» **WORK TO COMPLETE**
Begin the copy at the line containing "Banderas de EEUU" in the data below and end it at the line containing "Daus im Hafen", keeping each line exact and leaving out pictures.

» **MATERIAL PROVIDED**
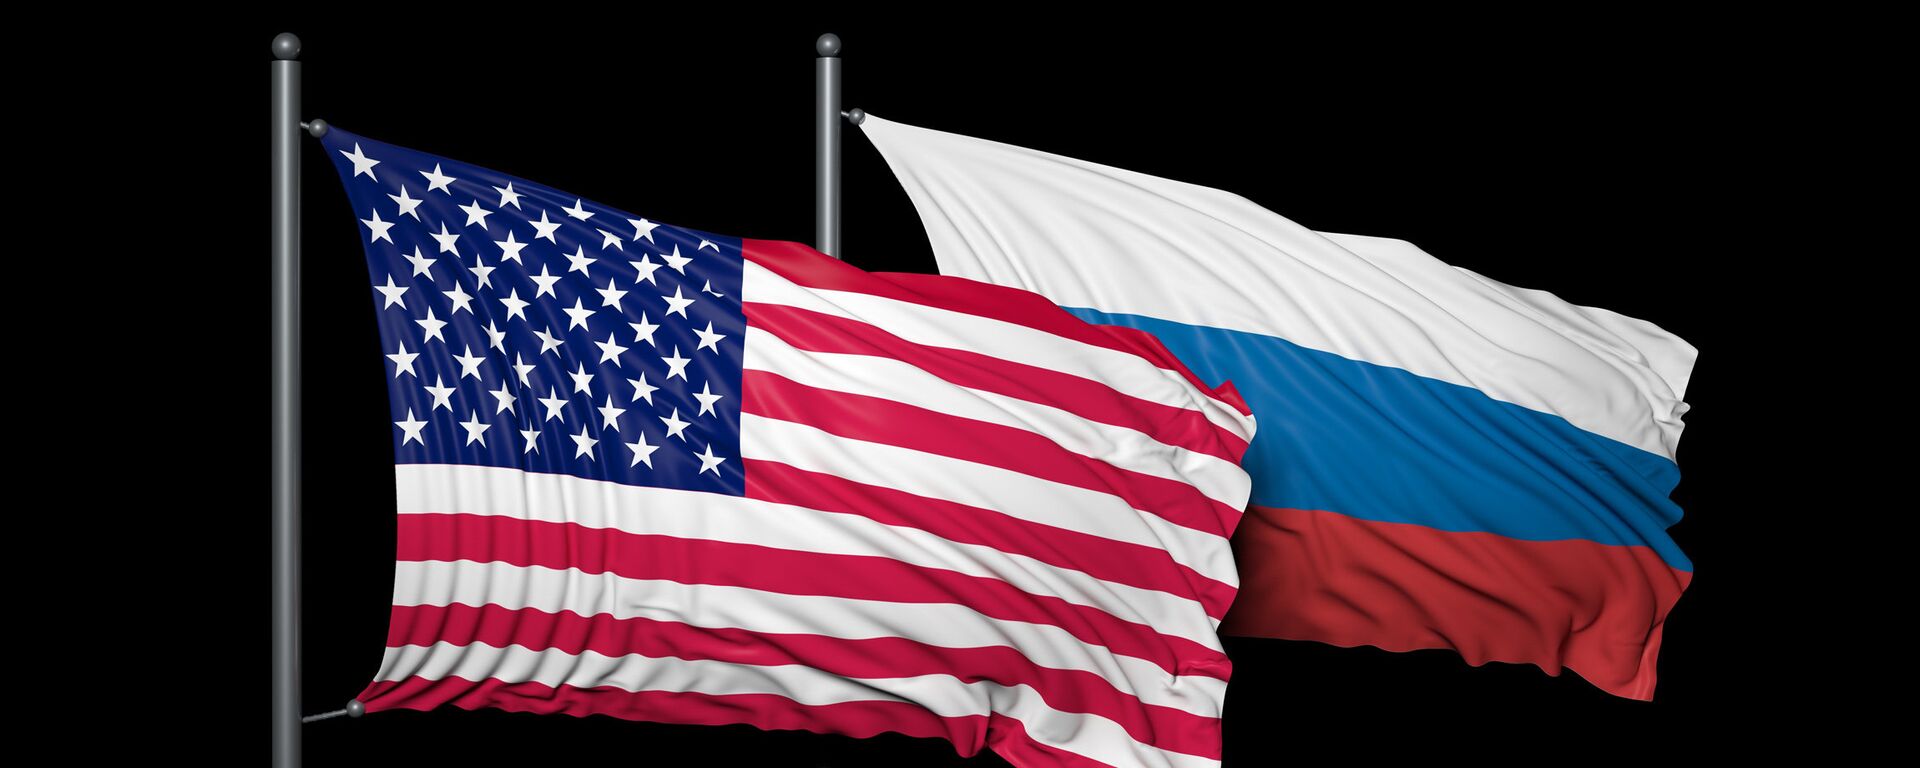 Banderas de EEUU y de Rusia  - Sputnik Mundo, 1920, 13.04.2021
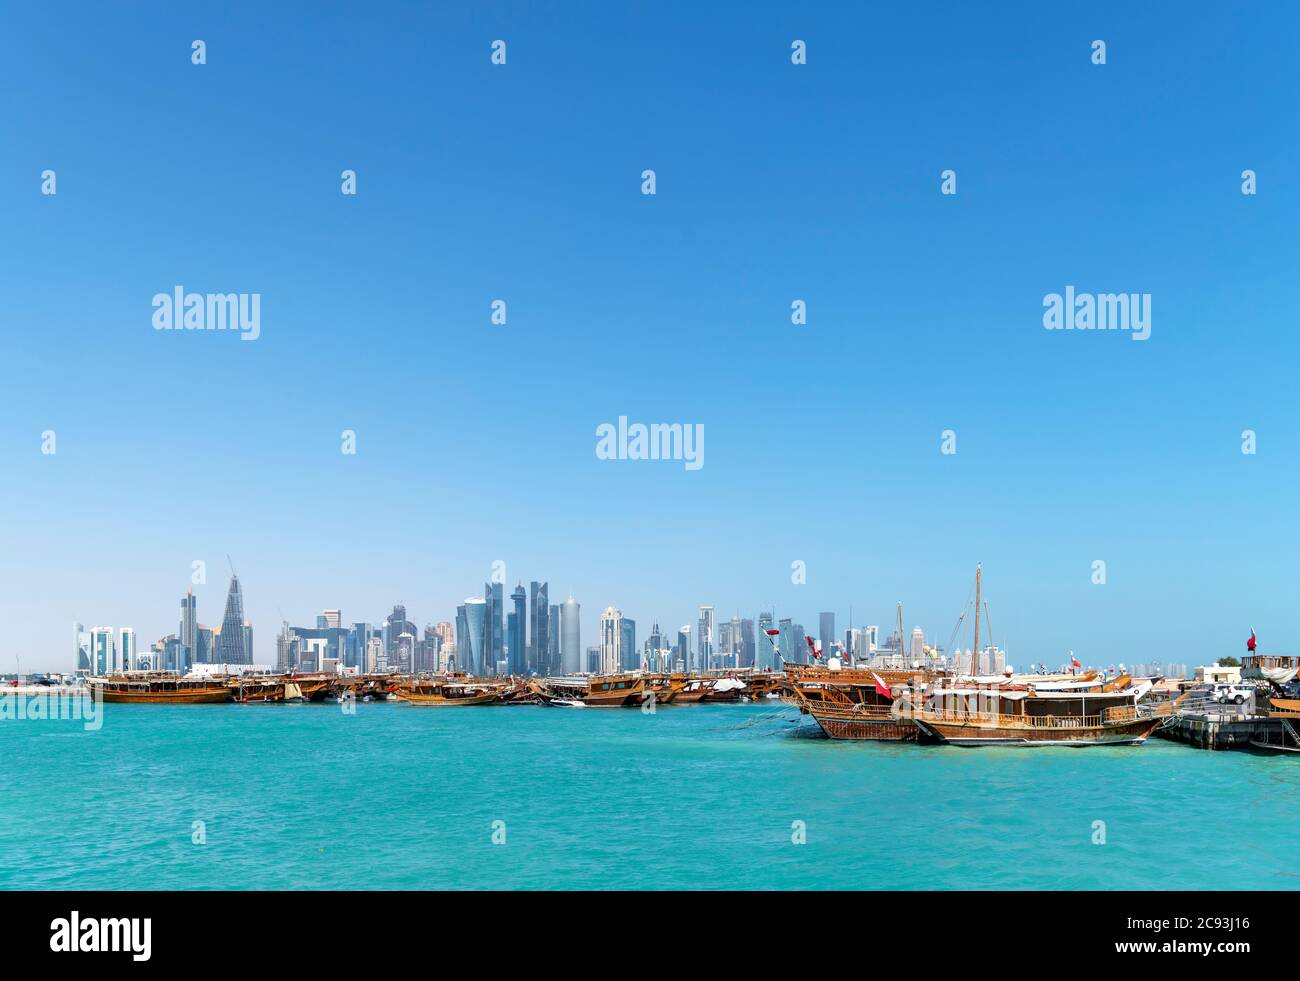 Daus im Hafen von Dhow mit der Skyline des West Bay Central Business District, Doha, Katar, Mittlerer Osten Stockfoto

==

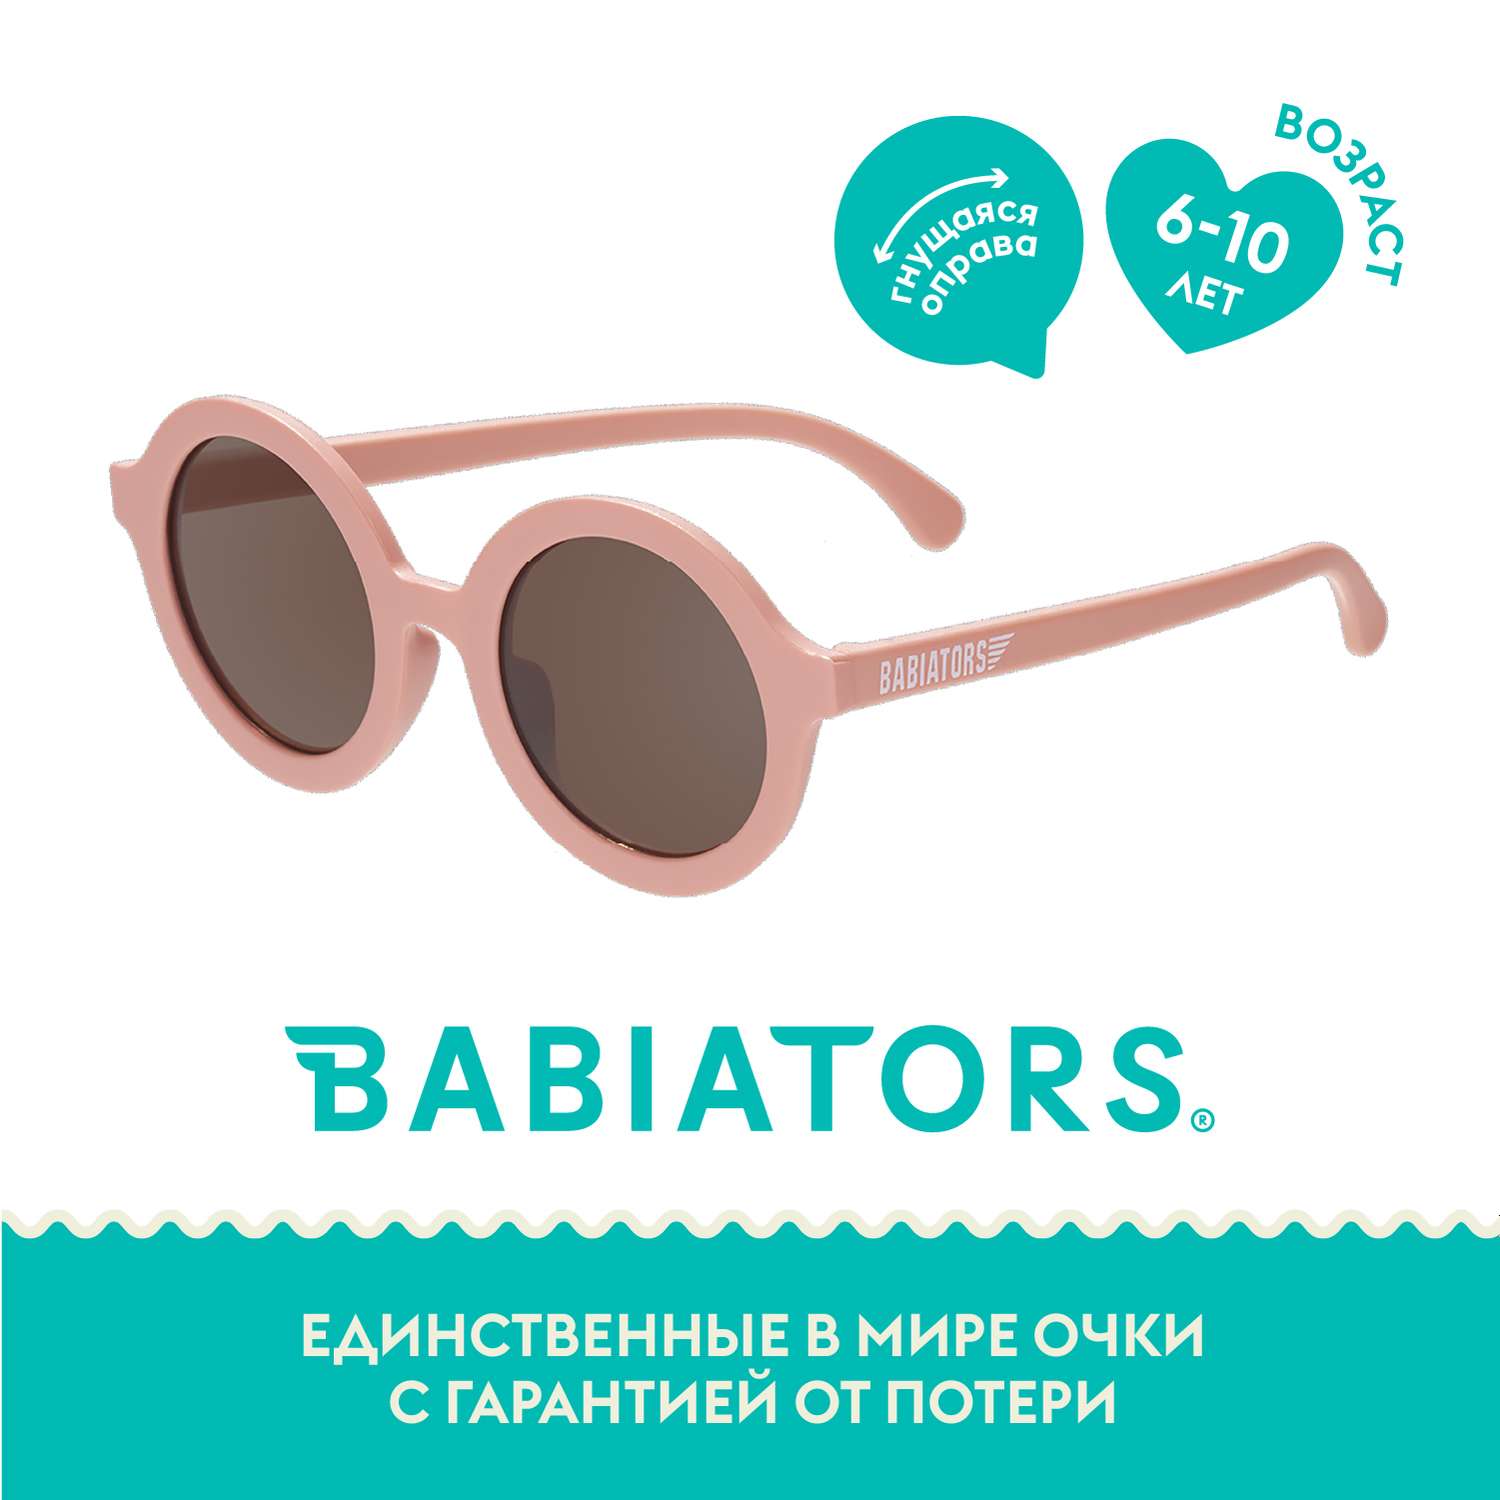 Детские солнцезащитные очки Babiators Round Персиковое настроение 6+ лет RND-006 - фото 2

---

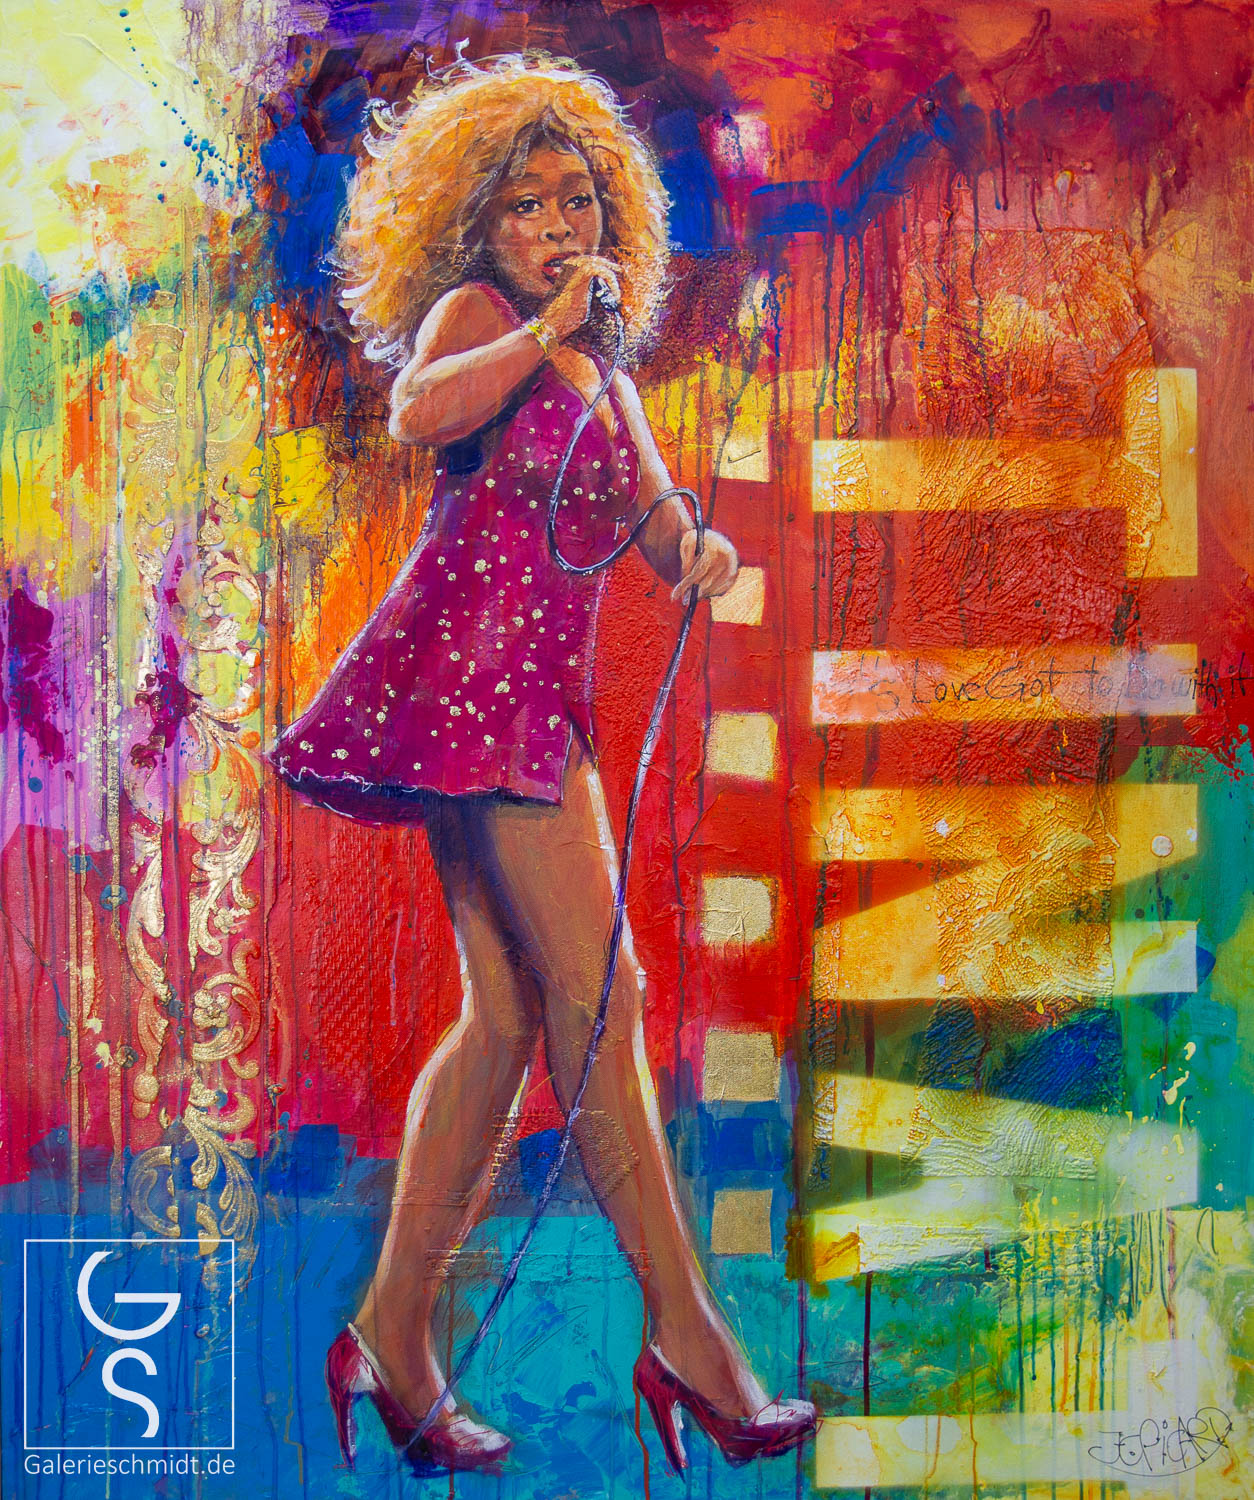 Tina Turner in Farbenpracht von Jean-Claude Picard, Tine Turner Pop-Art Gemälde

» **WRITTEN SOLUTION**
 Banderas de EEUU y de Rusia  - Sputnik Mundo, 1920, 13.04.2021
 Daus im Hafen von Dhow mit der Skyline des West Bay Central Business District, Doha, Katar, Mittlerer Osten Stockfoto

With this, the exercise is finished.